Monday, March 24, 2008

Putting the "Putin" in "Rasputin"

First impression of Russia: This place is cold!

Second impression of Russia: This place is most definitely not Europe.

Long version:
After a very short turnaround in Copenhagen between my week with Andy and my tour to Russia (including a scant three hours of sleep), I managed to make it to Kastrup Lufthavn in fine time to catch the group flight to Russia. This earned me (finally!) a passport stamp--a first for this break, excluding the one at the tourist place in Liechtenstein. Silly Schengen Agreement...don't they know American students want the extra hassle if it means proof that they made it to eight different countries in less than three weeks?

After we settled into the Hotel Azimut of St. Petersburg, we had the rest of the afternoon free to explore. I teamed up with a few architecture students and a fellow European Politics girl named Monica and ended up at St. Isaac's Cathedral, a gold-domed (not onion) church with a great view off the top despite the ongoing construction. The architecture kids were a bit caught up, but Monica and I wandered off towards the Dane-owned restaurant where the group was to meet for dinner. On the way, we got our first (albeit snow-obscured) look at the Church of Our Savior on Spilled Blood, which is one of the few amazing cathedrals with "candied" onion domes-- the bright colors and three-dimensional shapes that you've probably seen in pictures. The increasing snowfall limited visibility (as well as dryness) for most of the walk, but man, was it great to get to the restaurant! Our tour guide, Jon (pronounced "Yohn"-- he's a Danish teacher at DIS), had arranged for English-speaking Russia students to join us, so we got to spend a little while trying to elicit views on Putin and Medvedev (Russia's president-elect) from an engineering student. (He thought they were pretty much the same thing, but he was okay with that.) By the time our four-course meal was done (I swear, DIS is trying to fatten us all up for something), most of us were so tired from the early morning on top of two weeks straight of traveling already that we figured out the St. Petersburg metro system well enough to get home and collapse comfortably.

Monday morning dawned as all of our mornings in "Peters" did-- cloudy with a chance of (not meatballs, but rather) snow and serious wind. We started out at a stature Catherine the Great had built to honor Peter the Great, and Jon explained about the latter's determination to great this city he named for himself as part of a major effort to open up Russia to Western influence and culture.
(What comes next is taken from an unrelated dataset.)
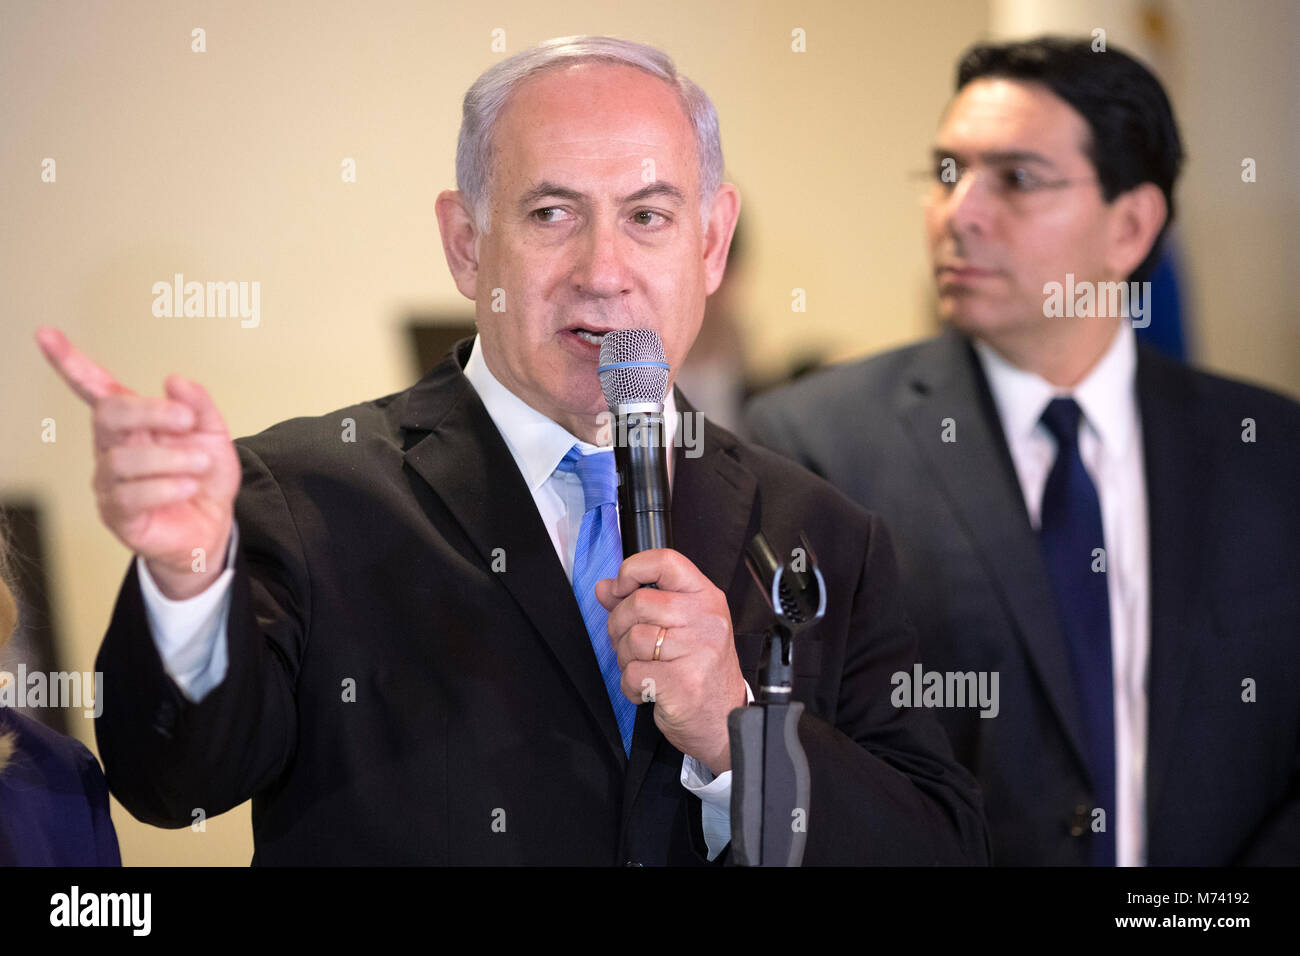 (180308) -- UNITED NATIONS, March 8, 2018 (Xinhua) -- Israeli Prime Minister Benjamin Netanyahu (L) speaks to the press during the exhibition '3000 years of history: Jews in Jerusalem' at the United Nations headquarters in New York, March 8, 2018. (Xinhua/Li Muzi) Stock Photo

You can see the results of that all over town. Our next stop was the Peter and Paul Fortress, which, among other things, demonstrates its non-Russianness through a church with a major spire and a clock on it: such things are more or less unheard of on traditional Russian Orthodox buildings. We wandered through the chapel and along the water; sights included a roomful of Romanovs, more untraditional church sights (including a partially see-through dividing screen-- they're supposed to be solid, and only the priests can go behind them), and a very unflattering statue of Peter the Great.

We next got to see our first real Lenin statue-- the iconic one in front of the Finland train station, with his arm extended in oratorical gesticulation towards the people. I liked that he wears an overcoat-- you need it!

After lunch, my new friend Nadine (a Jewish vegetarian journalism major from New Jersey, so we had to be friends) and I went to the recommended souvenir market, where we spent an hour or so haggling with a couple of the zillion sellers of nesting dolls, Soviet-encrusted memorabilia, and so forth. I ended up with a gorgeous set of matriyoshkas for myself, as well as presents for a few people. You know who you are. We tried to go to a couple of museums, but the first one was closing, and Nadine realized outside of the second one that she'd left her camera at the first. Fortunately, a kind security guard understood just enough gesticulation and English to return the camera, no bribes necessary (we'd been warned).

With most museums around closing time, we instead bought tickets to see the inside of the Church of Our Savior on Spilled Blood. I was worried any interior would be a letdown after its incredible outside, but apparently its architects anticipated this and made sure that the inside was covered in spectacular mosaics on a gorgeous blue background with just enough geometric shapes about for me to sneak a few clandestine photos without incorporating too much New Testament.

We ended up at the trendy Café Zoom for dinner on our own, which was delicious and fun, minus a pair of Russian girls roughly our age who kept taunting us from the other end of the room for speaking English. Kind of rude. We decided we didn't care if their country ever got a democratic government, so there!